La notizia della ragazza stuprata da un gruppo di minorenni a Salerno sta portando alla luce il peggio dello scibile umano dell'internet.
Il pensiero più gettonato è il classico: "se vai in giro nuda, te la vai a cercare. Bisogna prendersi le proprie responsabilità", declinato in maniere più o meno gentili.
Ecco, io per questi stronzi sogno che un giorno, mentre saranno impegnati a discettare di orli di minigonne e centimetri di scollature e a partorire inutili giudizi, arrivi una donna che gli sfondi il naso a suon di pugni e gli spieghi che "se vai in giro a dire cazzate, te le vai a cercare. Bisogna prendersi le proprie responsabilità".
E non venitemi a parlare di libertà di opinione,per favore. Sostenere che una ragazza lo stupro se lo vada a cercare perché ha deciso di mettersi un vestito corto non è un'opinione, è feccia della peggior specie.
Charlotte Matteini

Uno dei problemi relativo ai sessi che più accende gli animi è quello della natura e delle cause della violenza carnale. Da sempre, o almeno dagli anni settanta.
Fino agli anni Settanta, infatti, il sistema giuridico e la cultura di massa affrontavano lo stupro prestando ben poca attenzione agli interessi delle donne. Le vittime, se non volevano essere giudicate consenzienti, dovevano dimostrare di avere opposto resistenza all’aggressore fino a rischiare la vita. Il loro modo di vestire era considerato un’attenuante per l’imputato, come se gli uomini, a veder passare una bella donna, non fossero in grado di controllarsi. E un’attenuante erano considerati anche i trascorsi sessuali della donna. Nei processi si esigevano elementi di prova, come la conferma di testimoni oculari.

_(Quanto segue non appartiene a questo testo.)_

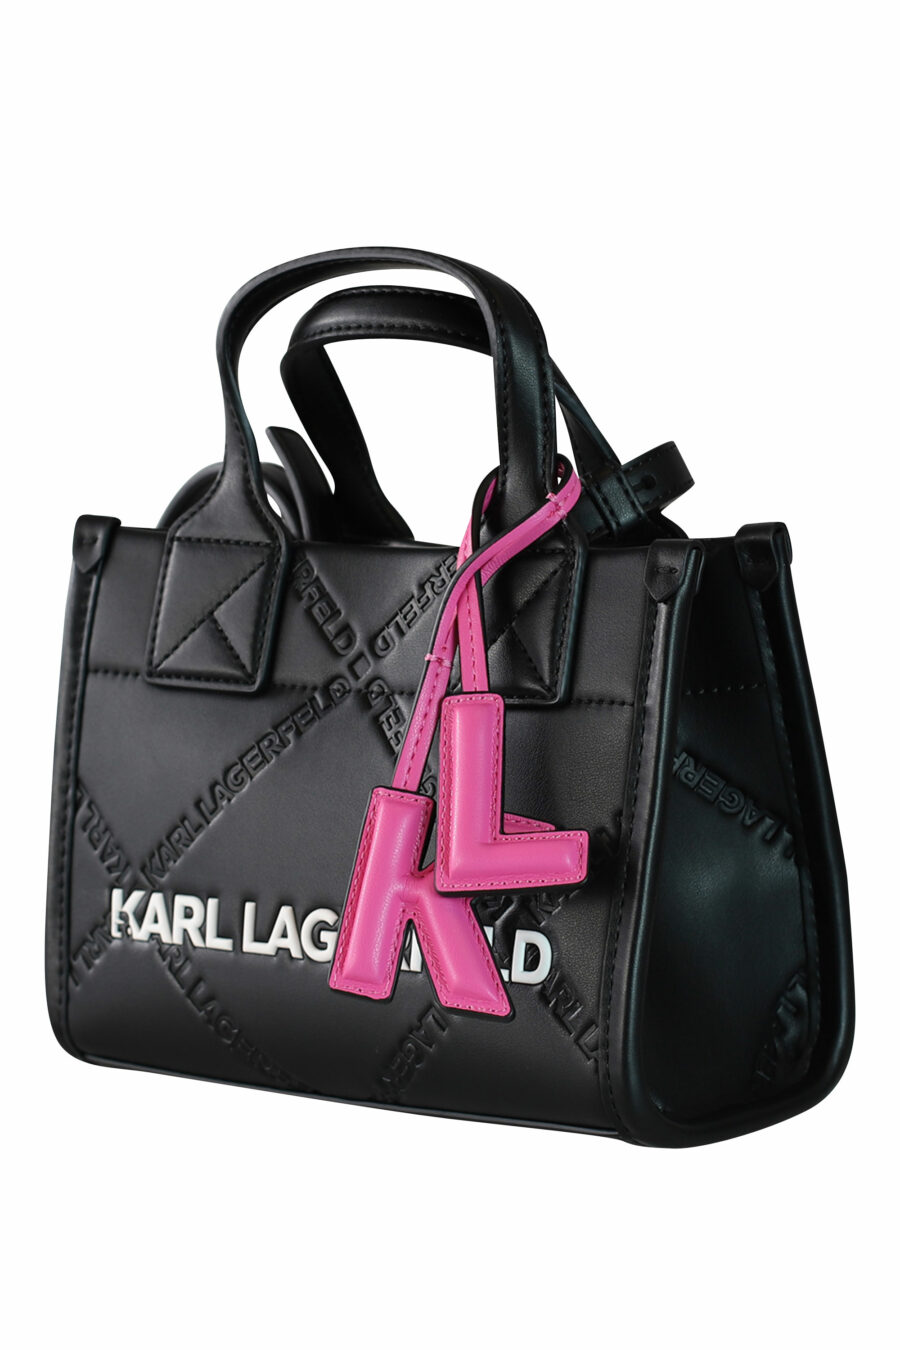 Tote bag mini black /k/skuare/ with embossed logo - 8720744102557 2

Lo stupro era ritenuto un atto legato alla libidine sessuale, ovvero ad un istinto naturale che poteva sfuggire dal controllo. Ora, quanto più qualcosa di pericoloso è facilmente “controllabile”, tanto più ha senso alzare le pene a fini di deterrenza. Da qui la giustificazione di certe attenuanti come quelle legate al vestiario.

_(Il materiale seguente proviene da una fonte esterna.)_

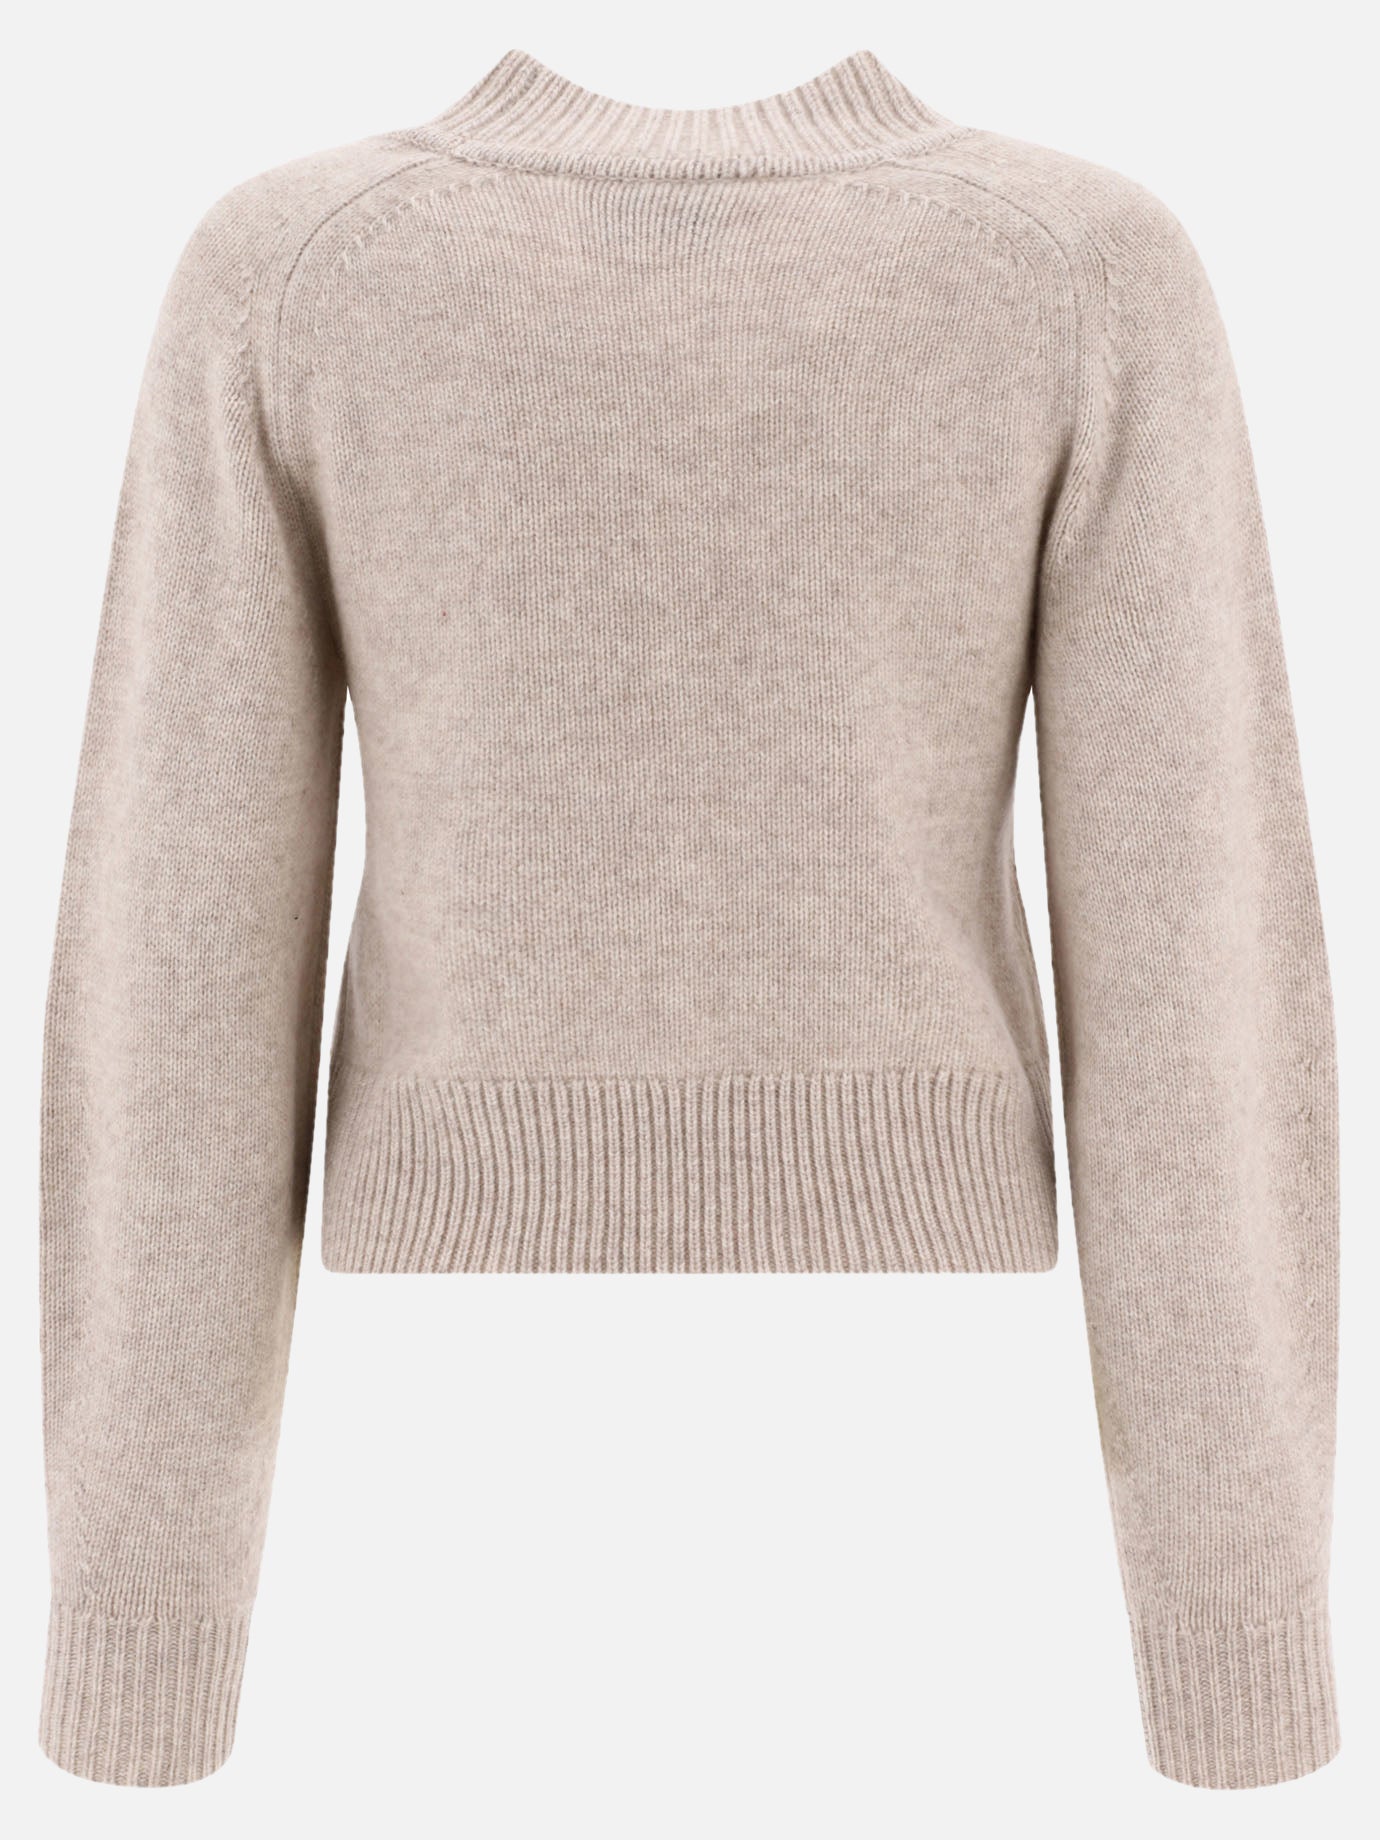 "Leandra" sweater

Senonché, da allora molta acqua è passata sotto i ponti. Nella vita intellettuale moderna l’imperativo morale prevalente nell’analisi di questo fenomeno consiste nel proclamare che la violenza carnale non ha nulla a che vedere con la sessualità. Lo stupro è un abuso di potere e di dominio in cui lo stupratore tende a umiliare la sua vittima, o meglio il genere a cui appartiene. Lo stupro non c’entra con il sesso; c’entra con la violenza e con l’uso del sesso per esercitare il potere e il dominio. La violenza in famiglia e l’aggressione sessuale sono manifestazioni delle stesse potenti forze sociali: il sessismo e l’esaltazione della violenza. Lo stupratore è socialmente condizionato da una cultura patriarcale ipertrofica. La teoria ufficiale dello stupro ha origine in Contro la nostra volontà, un importante libro scritto nel 1975 da Susan Brownmiller.  Nel libro si sosteneva che lo stupro non ha nulla a che vedere con il desiderio sessuale degli uomini, ma è una tattica tramite la quale l’intero genere maschile opprime l’intero genere femminile.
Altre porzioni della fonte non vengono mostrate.